English singer and actress (1931–2026)

Sheila Bernette (occasionally Burnette; 30 March 1931 – 12 January 2026) was an English actress and singer who appeared in film, television and radio with a career spanning over 50 years.

==Early life==
Bernette was born Sheila Mary Poncini in Marylebone, London on 30 March 1931. She was the daughter of Charles Poncini, a restaurant waiter of Italian descent, and his wife Freda (nee Morris).. She attended the Italia Conti Stage Academy from the age of two, specialising in ballet, leaving after five years to concentrate on acting at the Aida Foster Theatre School.

==Career==
Bernette began her television career in 1955. She was popular and appeared as herself from 1968 in multiple UK television shows.

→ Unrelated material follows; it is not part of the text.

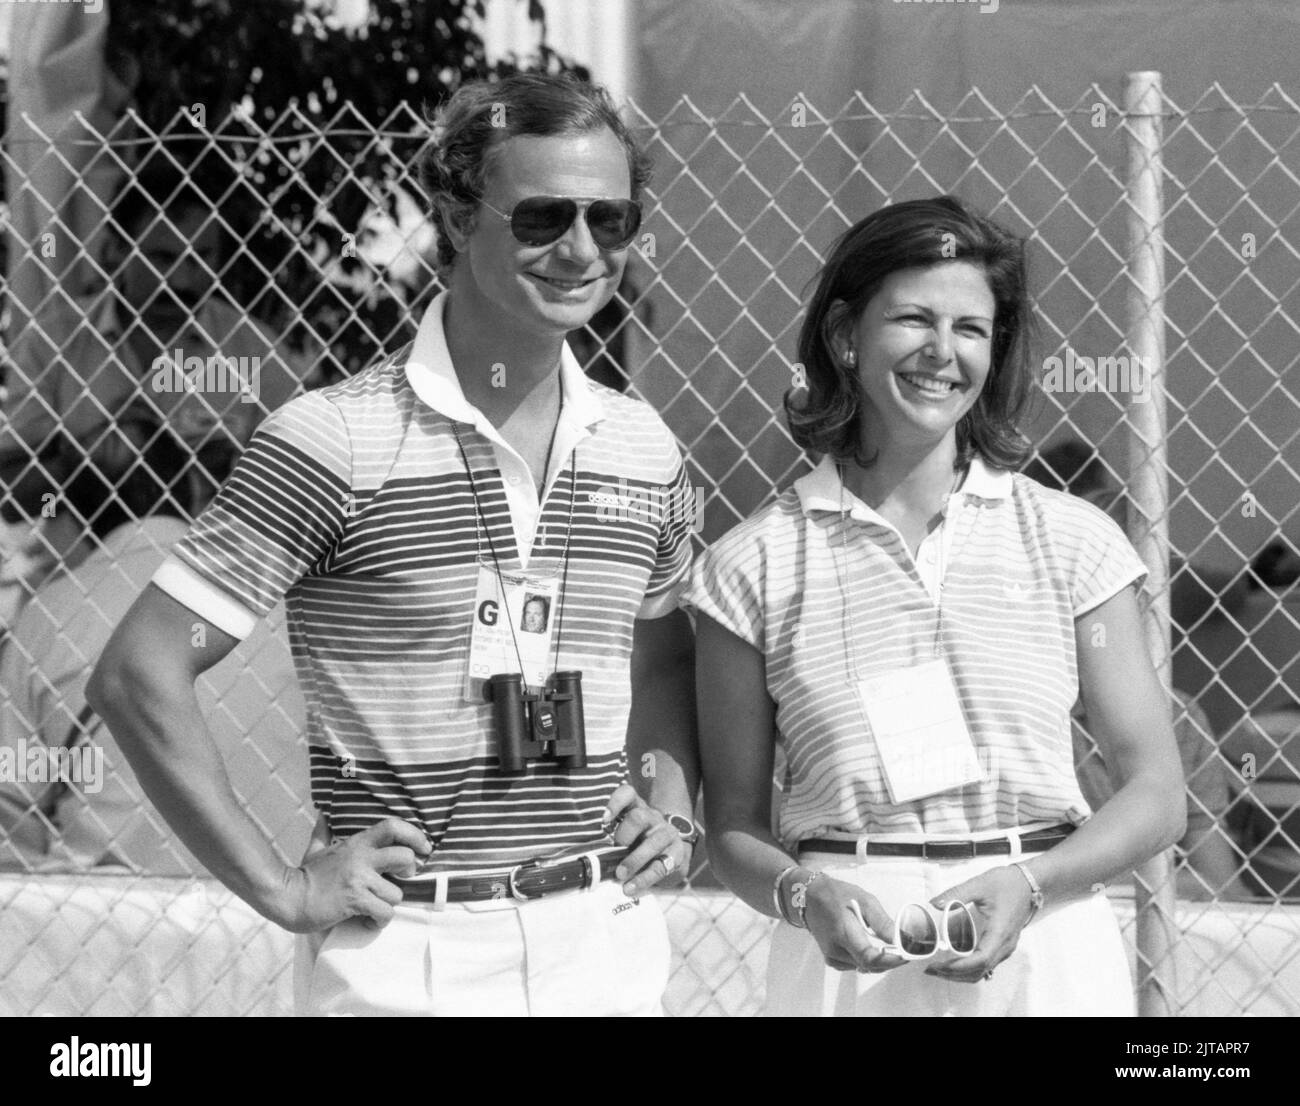 OLYMPIC SUMMER GAMES IN LOS ANGELES 1984SWEDISH ROYAL COUPLE at the Canoe Stadium to cheers Swedish athletes succes Stock Photo
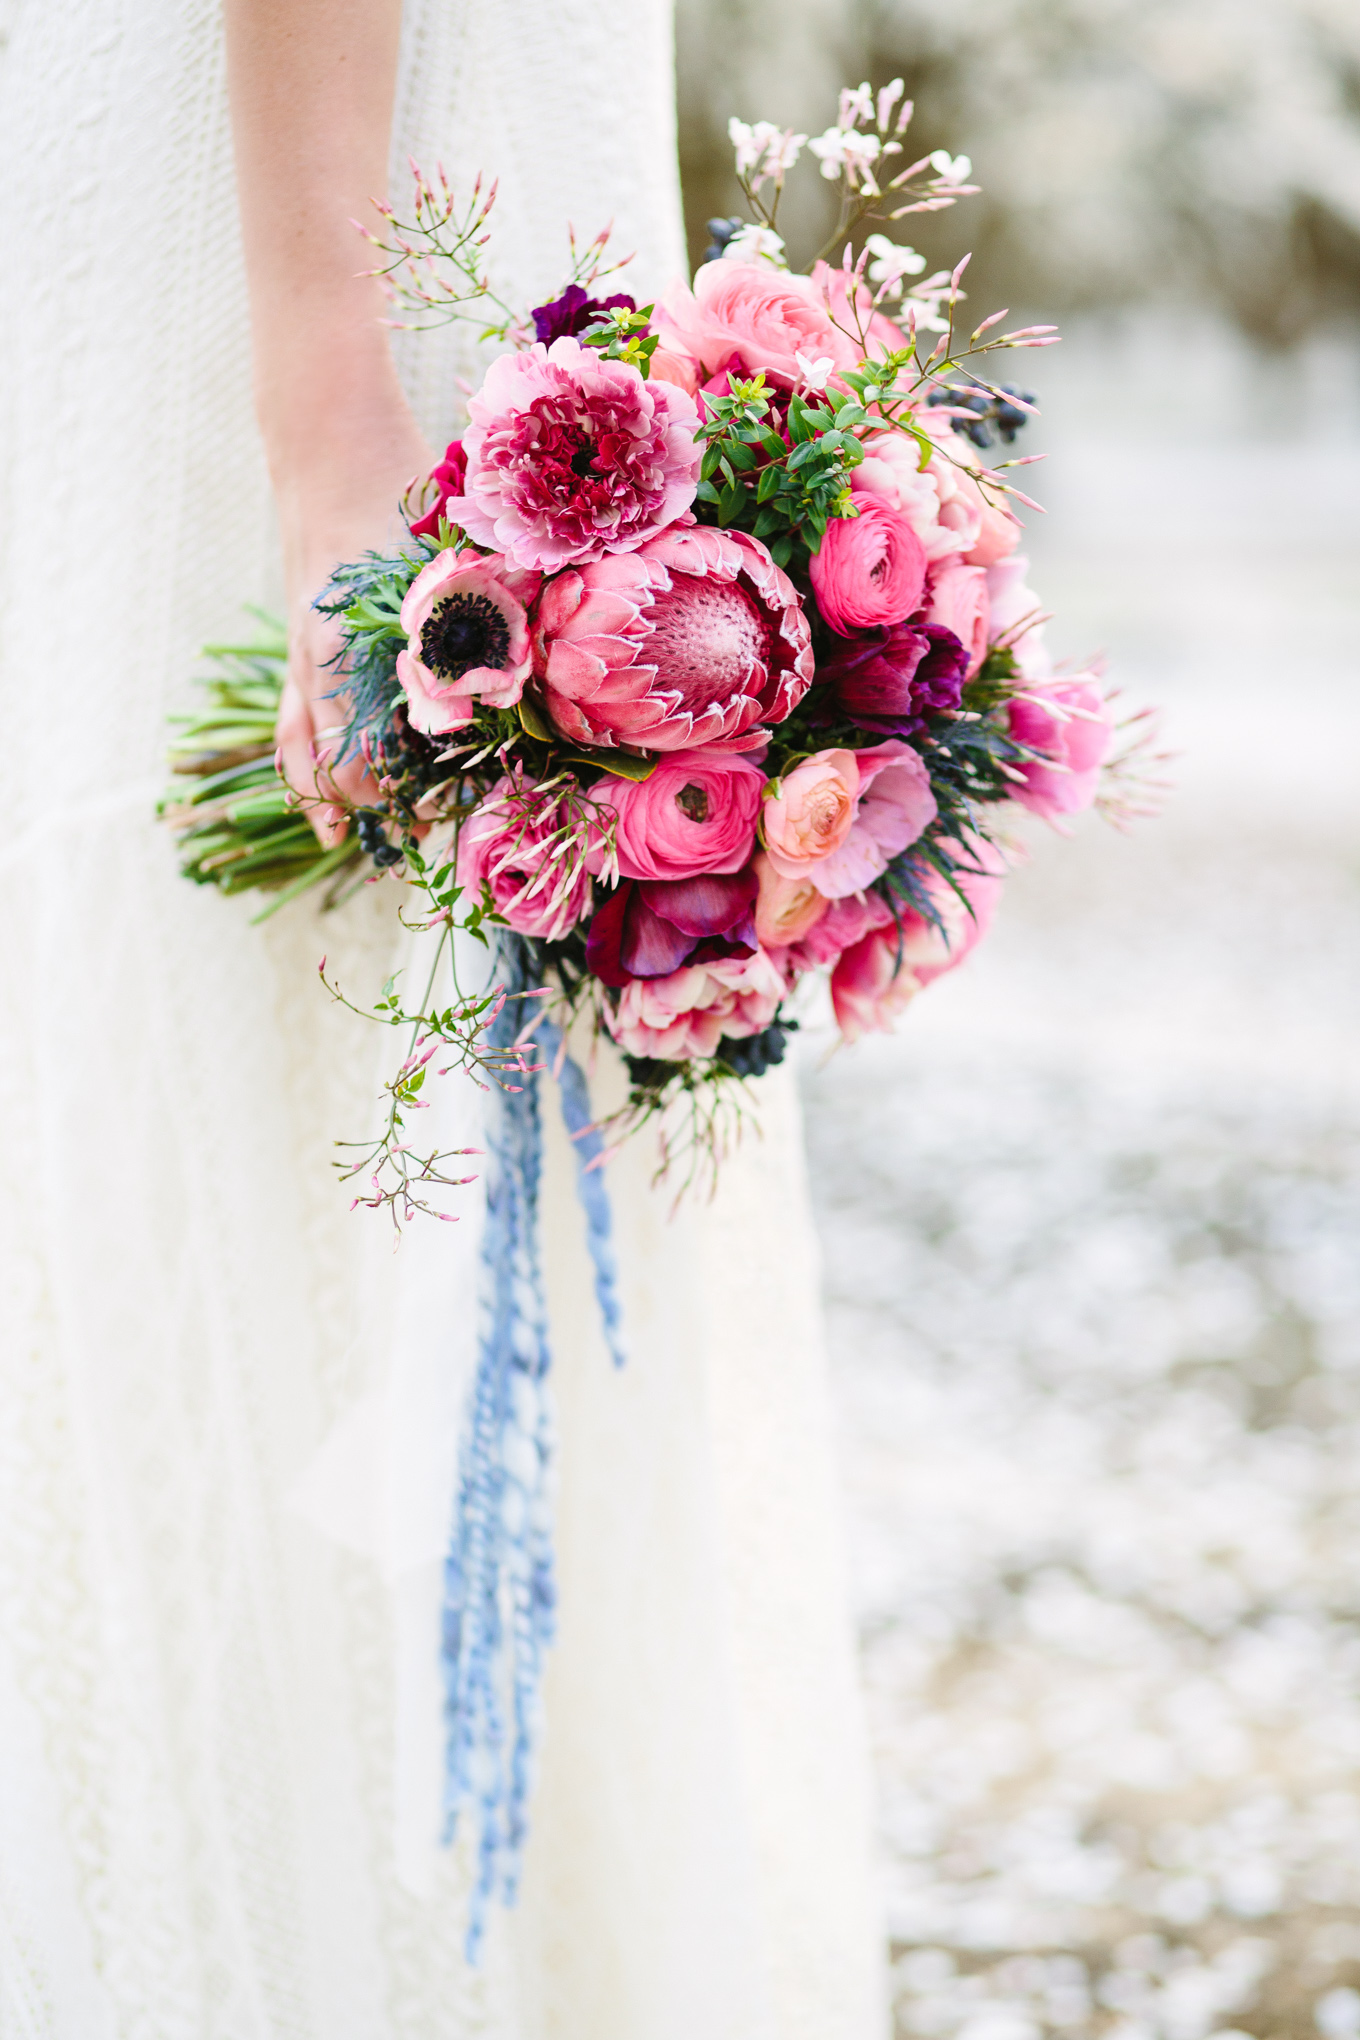 Boho protea and pink bouquet in an almond orchard | Beautiful bridal bouquet inspiration and advice | Colorful and elevated wedding photography for fun-loving couples in Southern California | #weddingflowers #weddingbouquet #bridebouquet #bouquetideas #uniquebouquet   Source: Mary Costa Photography | Los Angeles

Largely appearing in comedy roles, she was a regular sidekick to many stars including Dick Emery and Leslie Crowther. Bernette appeared as herself in many television productions. She is remembered as one of the regular practical jokers in the UK version of Candid Camera. Very petite, Bernette usually wore her hair up to increase her height. A competent singer, she was a regular on variety shows such as the Good Old Days and The Black and White Minstrel Show and appeared on the Royal Variety Performance show of 1970. In addition to her film and television roles, Bernette was a regular performer at the Players' Theatre in Covent Garden.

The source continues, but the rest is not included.